PROBLEM: Output the run of lines that opens with the first line of the material below and closes with the line containing "Rosso a maglia", both included, and drop the pictures.

DATA BELOW:
══════════════════════════════
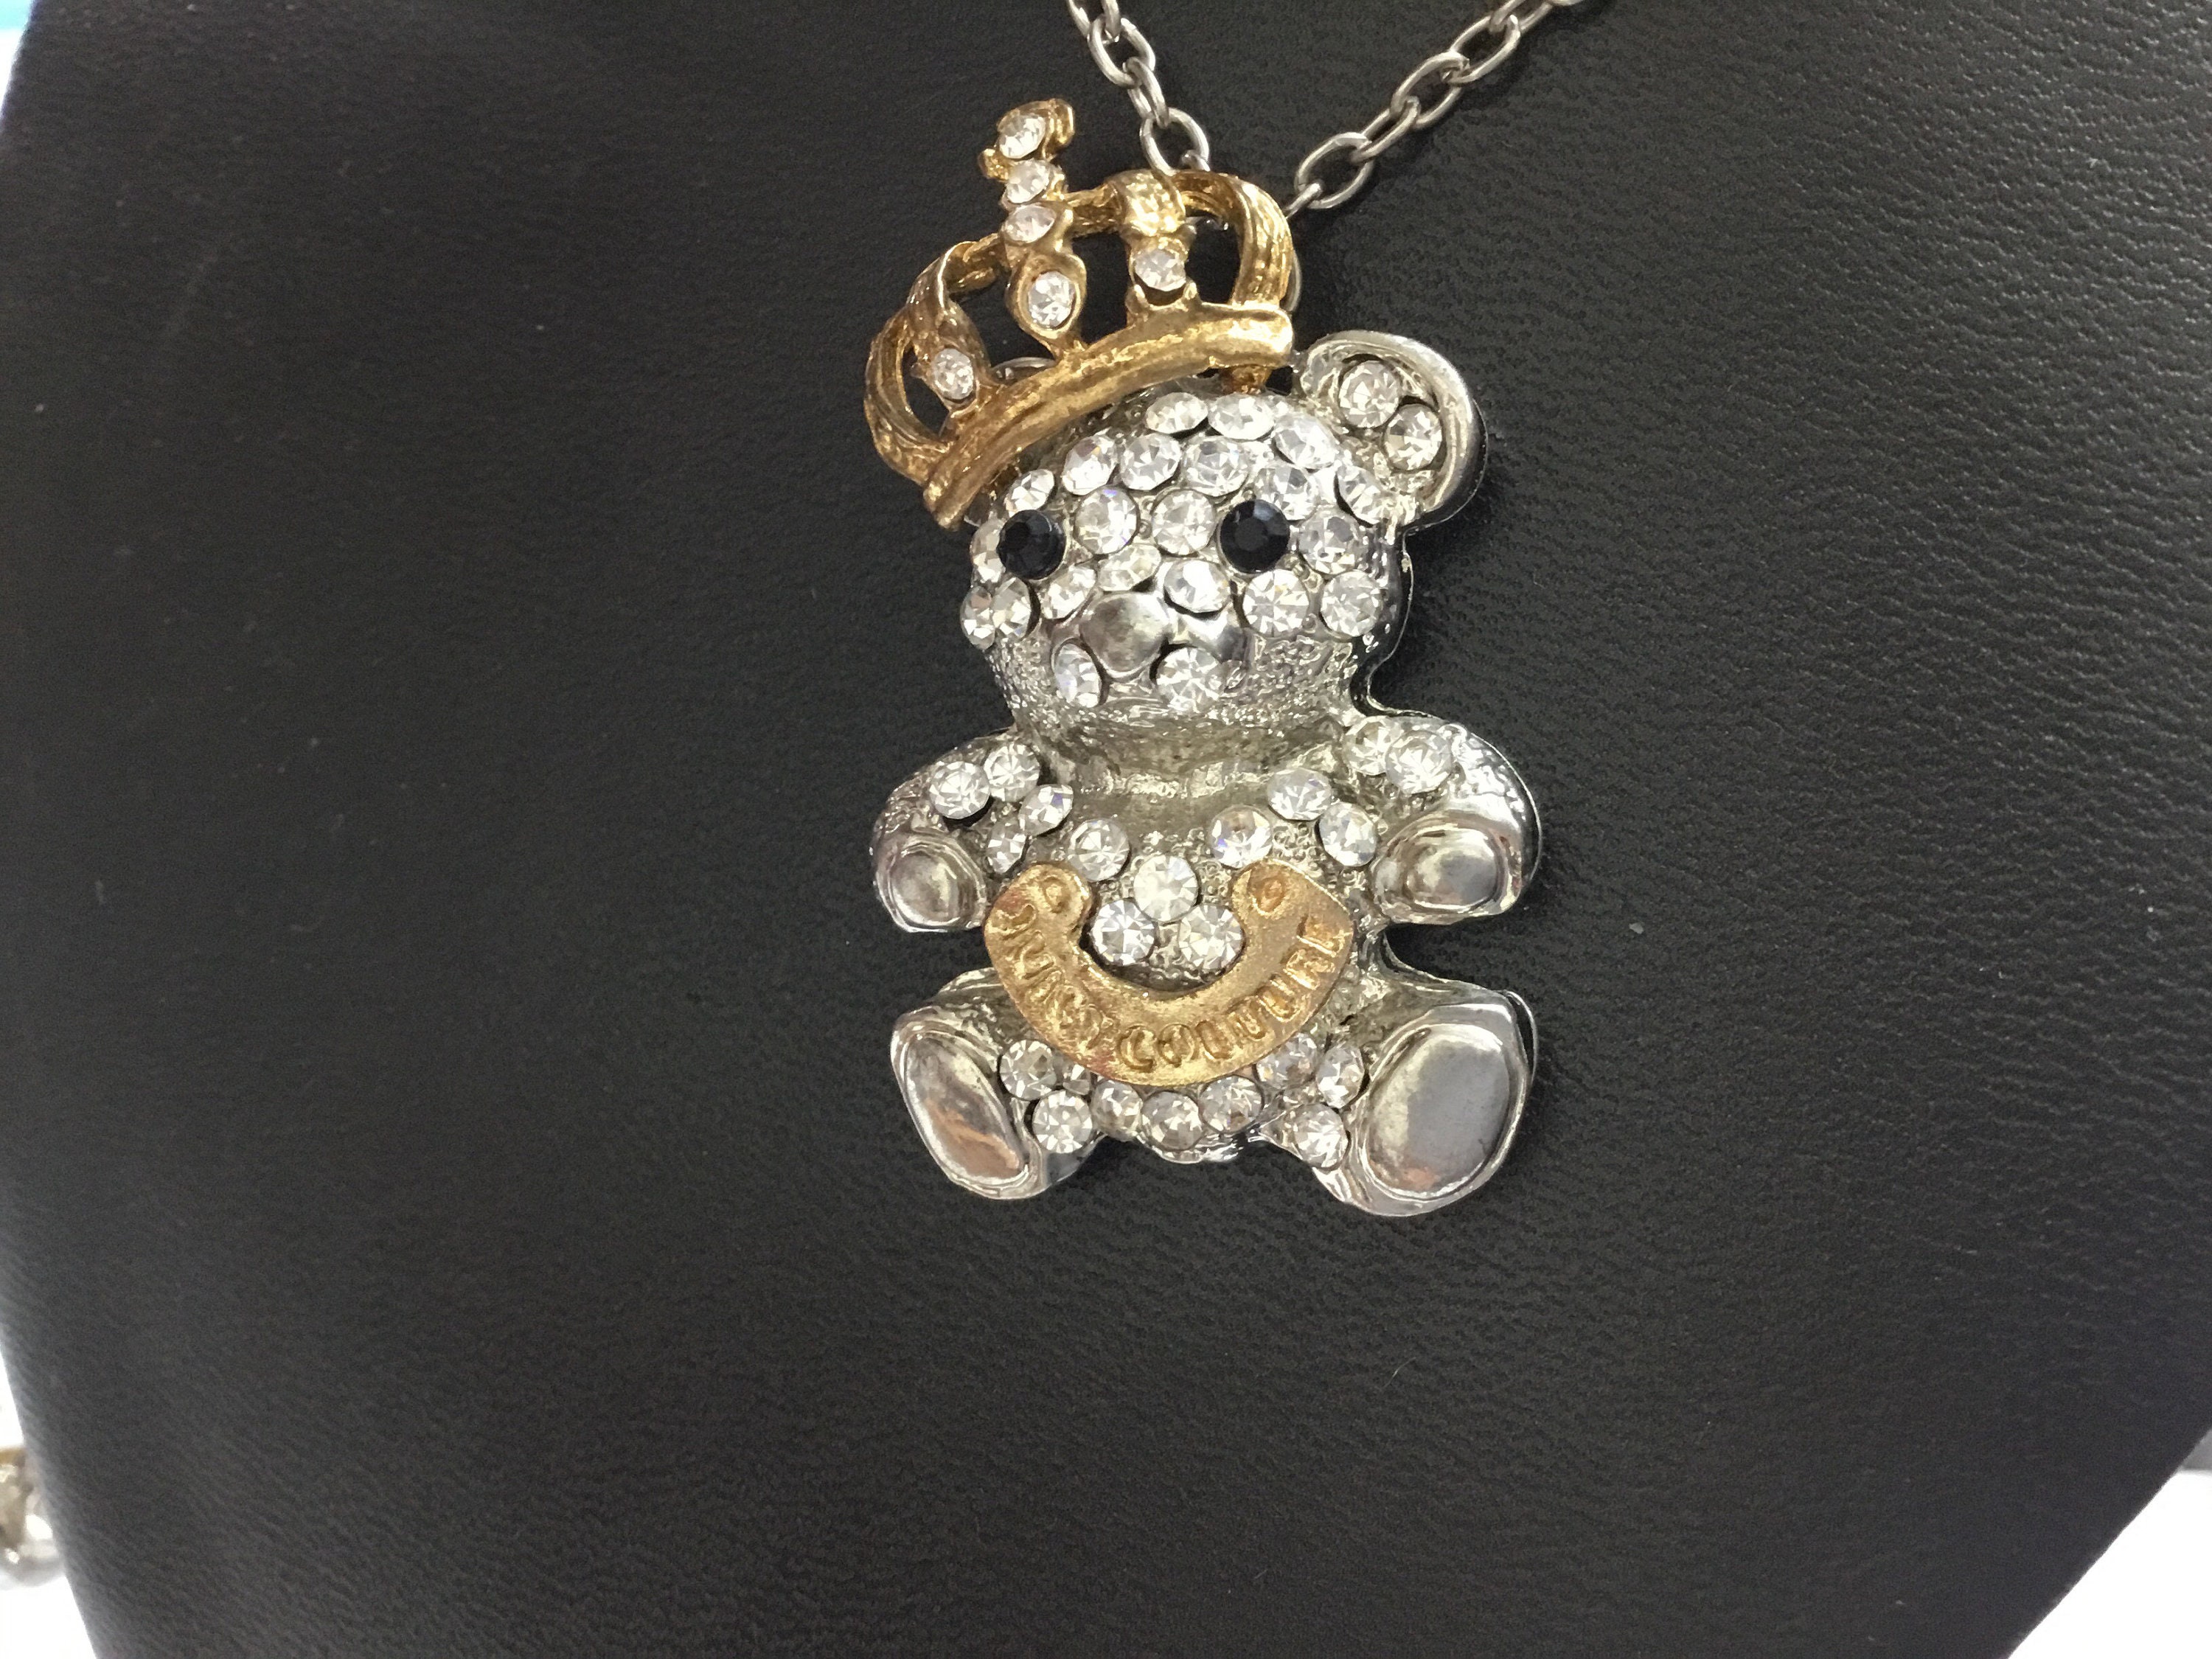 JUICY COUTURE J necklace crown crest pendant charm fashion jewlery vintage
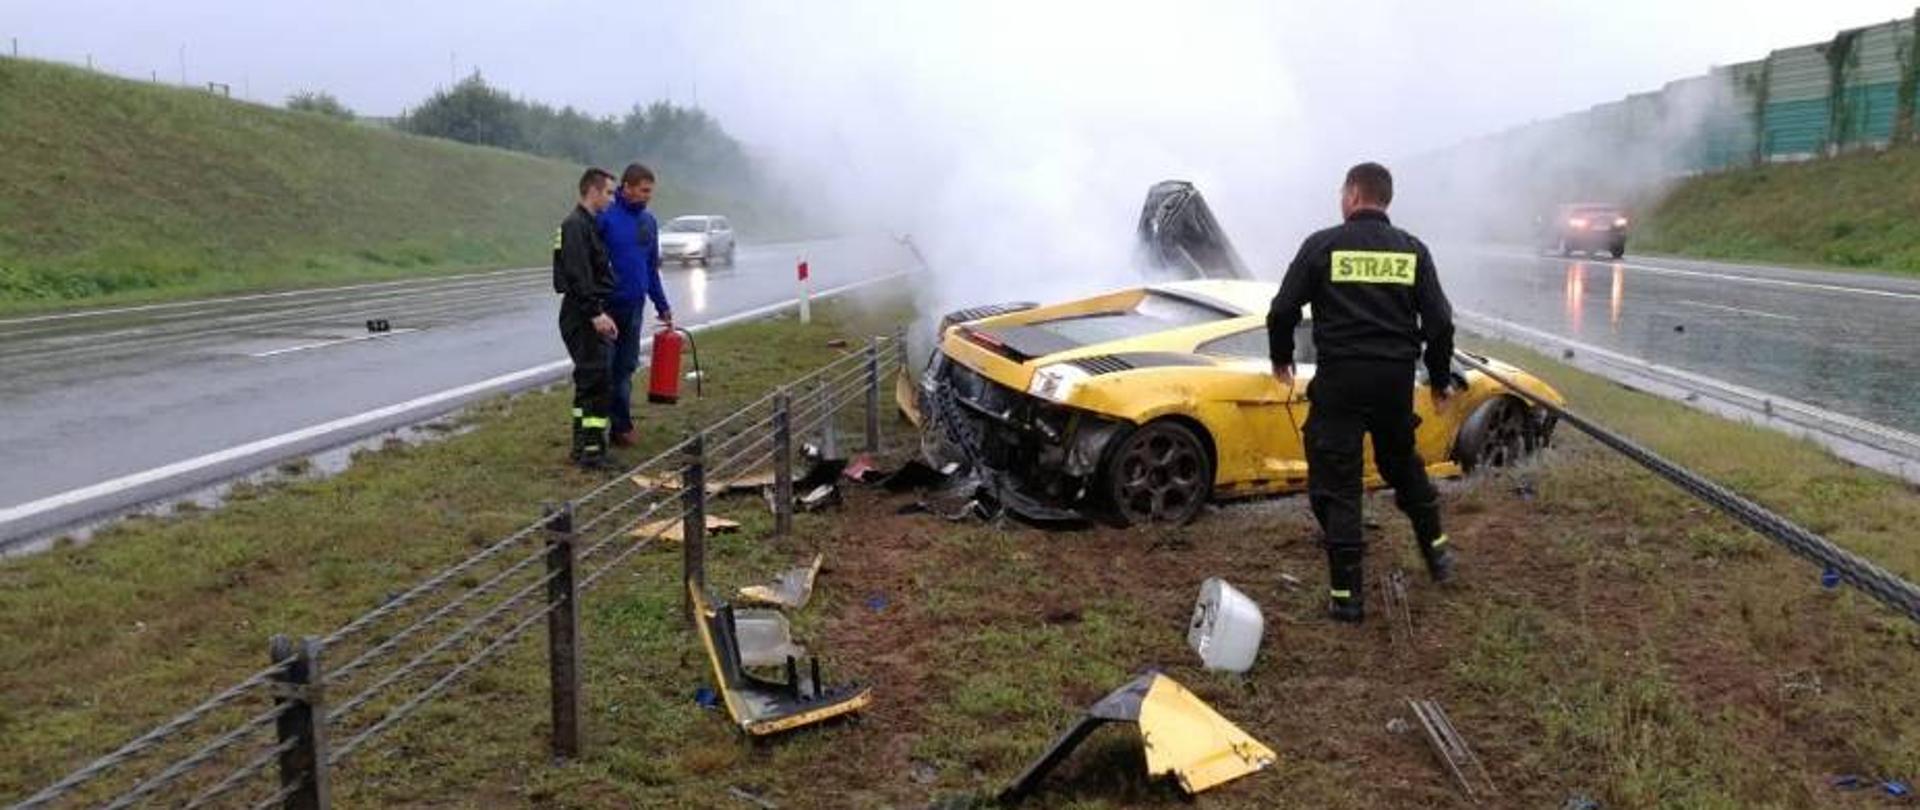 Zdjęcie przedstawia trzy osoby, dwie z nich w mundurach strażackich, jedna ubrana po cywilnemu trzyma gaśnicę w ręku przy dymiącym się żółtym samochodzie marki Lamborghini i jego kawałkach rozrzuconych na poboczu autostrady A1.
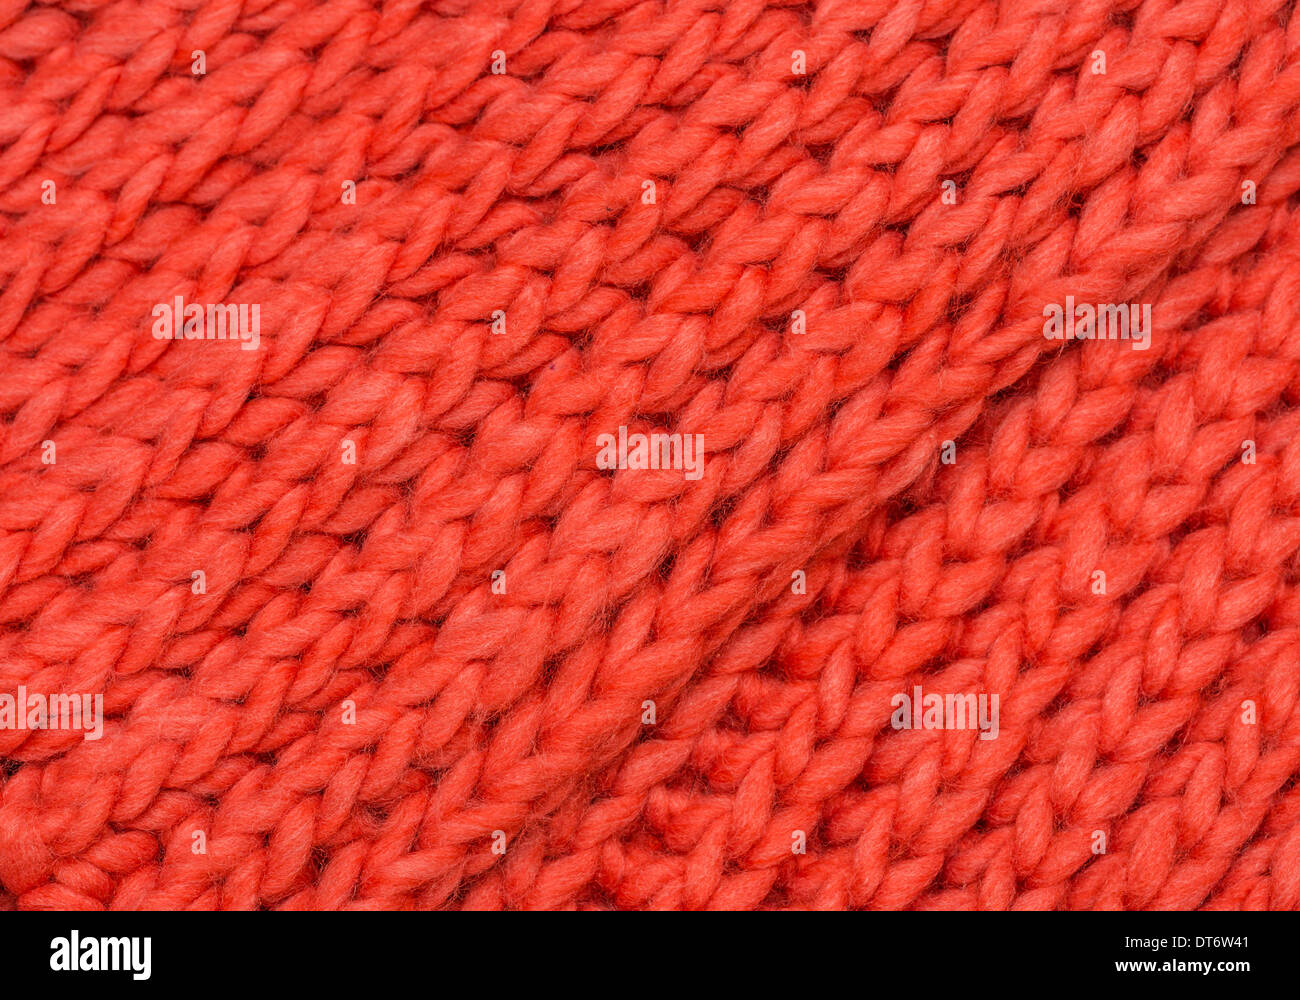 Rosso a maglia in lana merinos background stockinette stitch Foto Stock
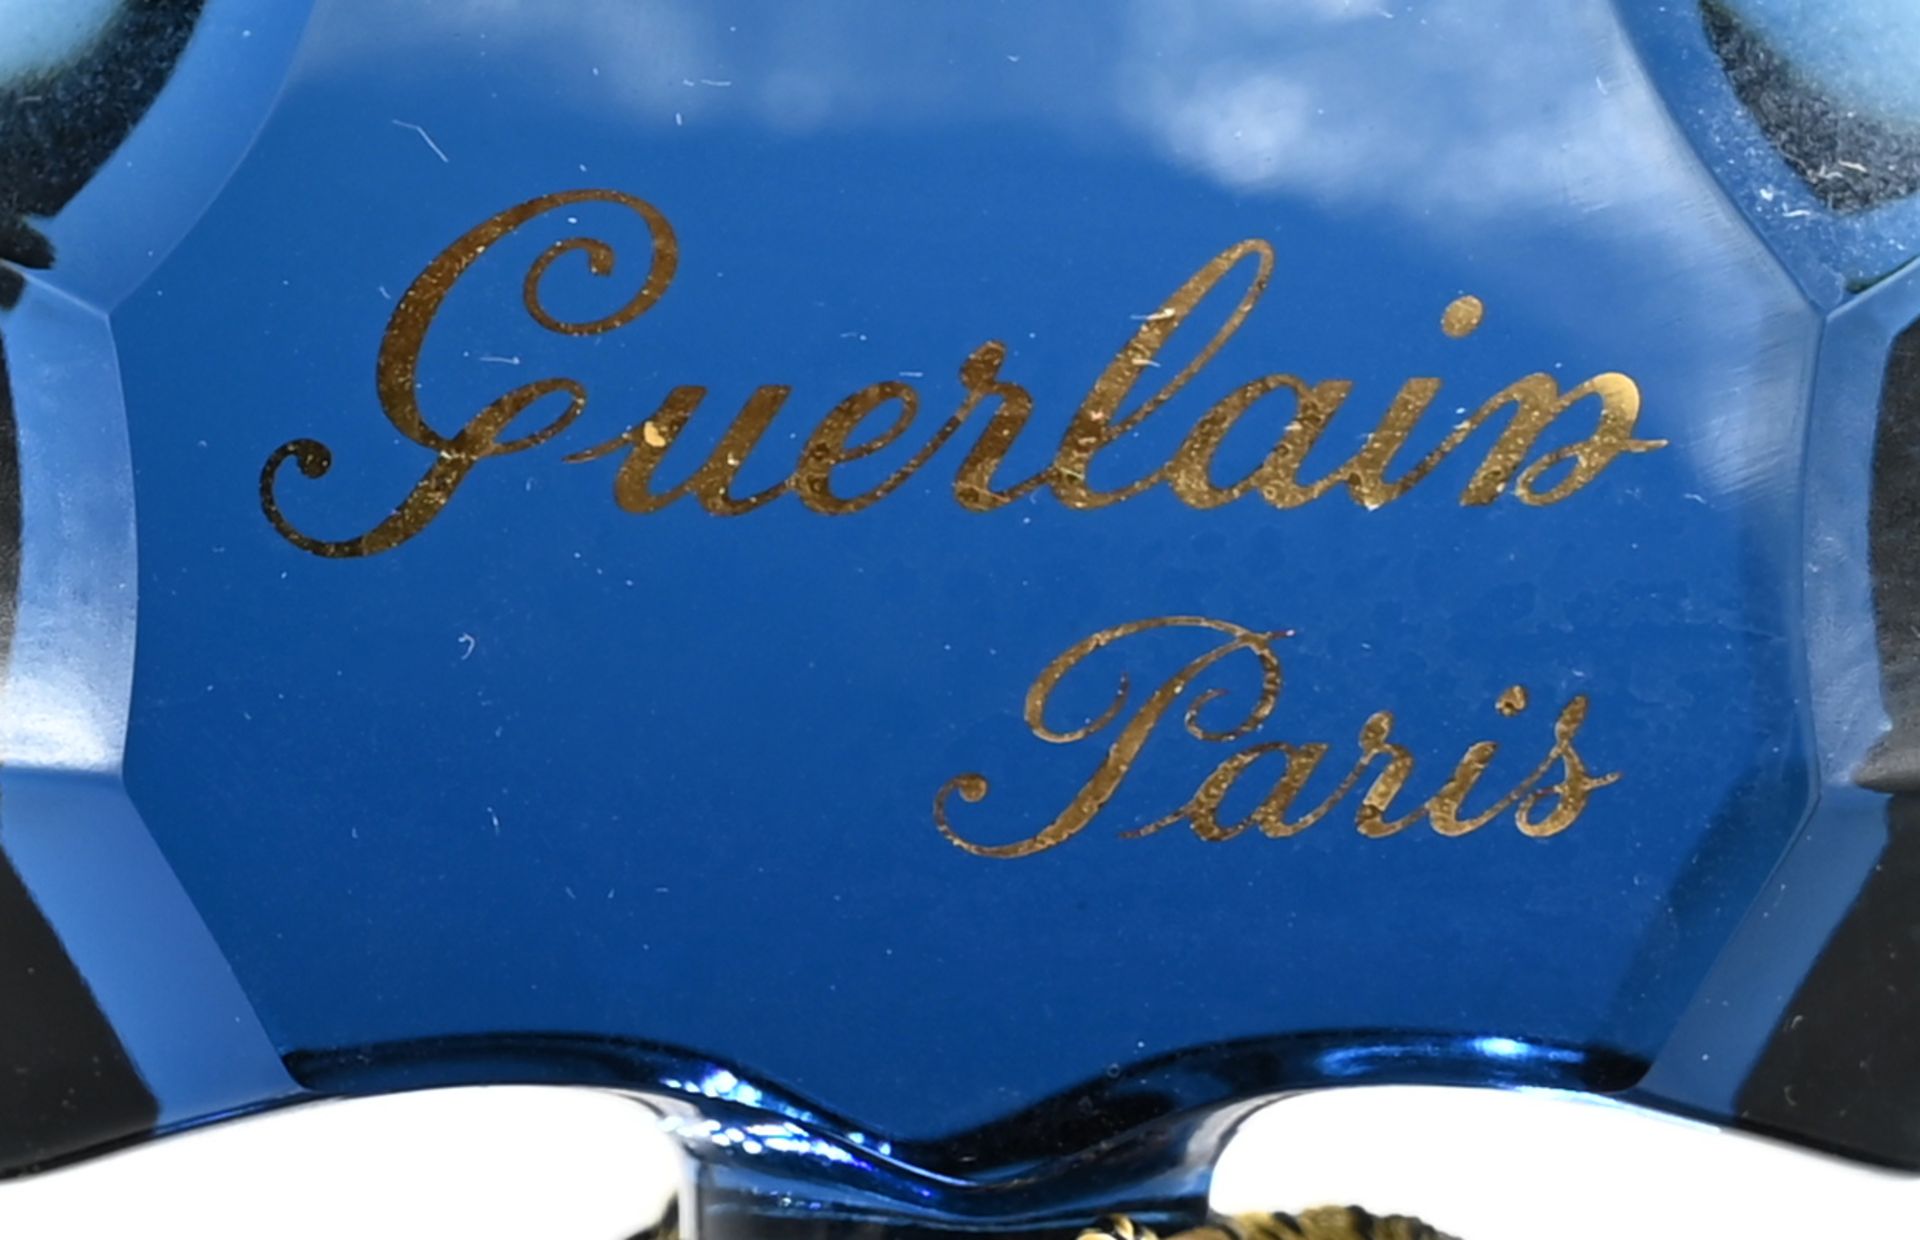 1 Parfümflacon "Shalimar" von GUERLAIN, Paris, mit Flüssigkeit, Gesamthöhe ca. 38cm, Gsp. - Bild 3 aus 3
══════════════════════════════
EXERCISE RESULT:
 JUICY COUTURE J necklace crown crest pendant charm fashion jewlery vintage
 Zdjęcie przedstawia trzy osoby, dwie z nich w mundurach strażackich, jedna ubrana po cywilnemu trzyma gaśnicę w ręku przy dymiącym się żółtym samochodzie marki Lamborghini i jego kawałkach rozrzuconych na poboczu autostrady A1.
 Rosso a maglia in lana merinos background stockinette stitch Foto Stock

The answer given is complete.